The Landmen Cometh: The frontlines of fracking get personal as owners face aggressive pitches for land

Monday, August 15, 2011

When landmen sit down with property owners over an oil and gas lease, there can be a lot of money at stake. Some of these prospectors are more honest than others. WRVO's Emma Jacobs reports on kitchen table negotiations underway for natural gas drilling access in the region.

Ruth Tonachel says landmen were coming to her door several times a week at the height of northeast Pennsylvania's land rush. (Emma Jacobs / WRVO)

The front line of the controversial expansion of natural gas drilling isn't a meadow in Pennsylvania or New York. It's the kitchen table.

That's where landowners meet with landmen - the fleet of salesmen that gas companies use to convince landowners to sign drilling leases.

Meeting the landmen

Landmen began approaching Ruth Tonachel during the leasing rush that swept through northern Pennsylvania in 2007.

“When they first showed up in 2007,” she says, “there were people knocking on the door a couple times a week, calling constantly, stuff in the mail, phone messages, from all different companies. I mean it was hard to even sort out.”

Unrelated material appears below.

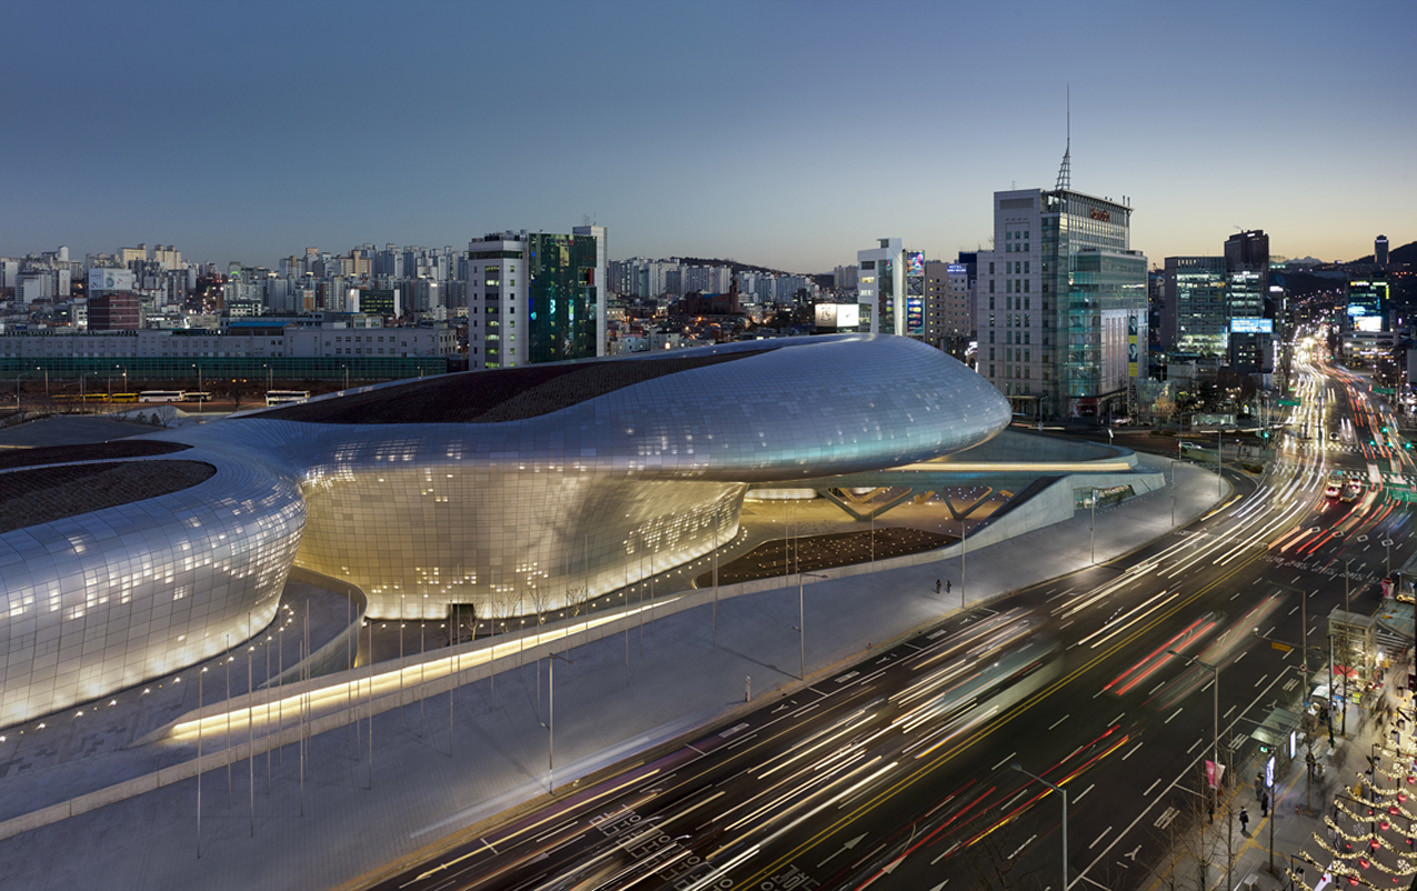 Dongdaemun Design Plaza / Zaha Hadid Architects

Tonachel’s property has been in the family since 1790 so she was cautious about the idea of a drilling lease.

She speaks fondly of some of the many landmen she met with. Others did things she didn’t like, like the one she met with at a restaurant.

“He talked awhile about his background and how long he’d been in business and where he was from," she says. "Just chit chat friendly talk … I said 'well I can’t sign anything in a hurry', but he pulled out a whole set of leases all with our names on them.”

Landmen are often compared to fast-talking used car salesman. Tonachel's visitors repeatedly urged her to sign right then and there, claiming theirs was the best deal she'd ever get. When she didn’t sign, they’d come back with a different, better deal. Signing bonuses went from hundreds to thousands of dollars per acre.

But the landmen were putting more than just money on the table - some of them were serving up half-truths, misrepresentations, or outright lies.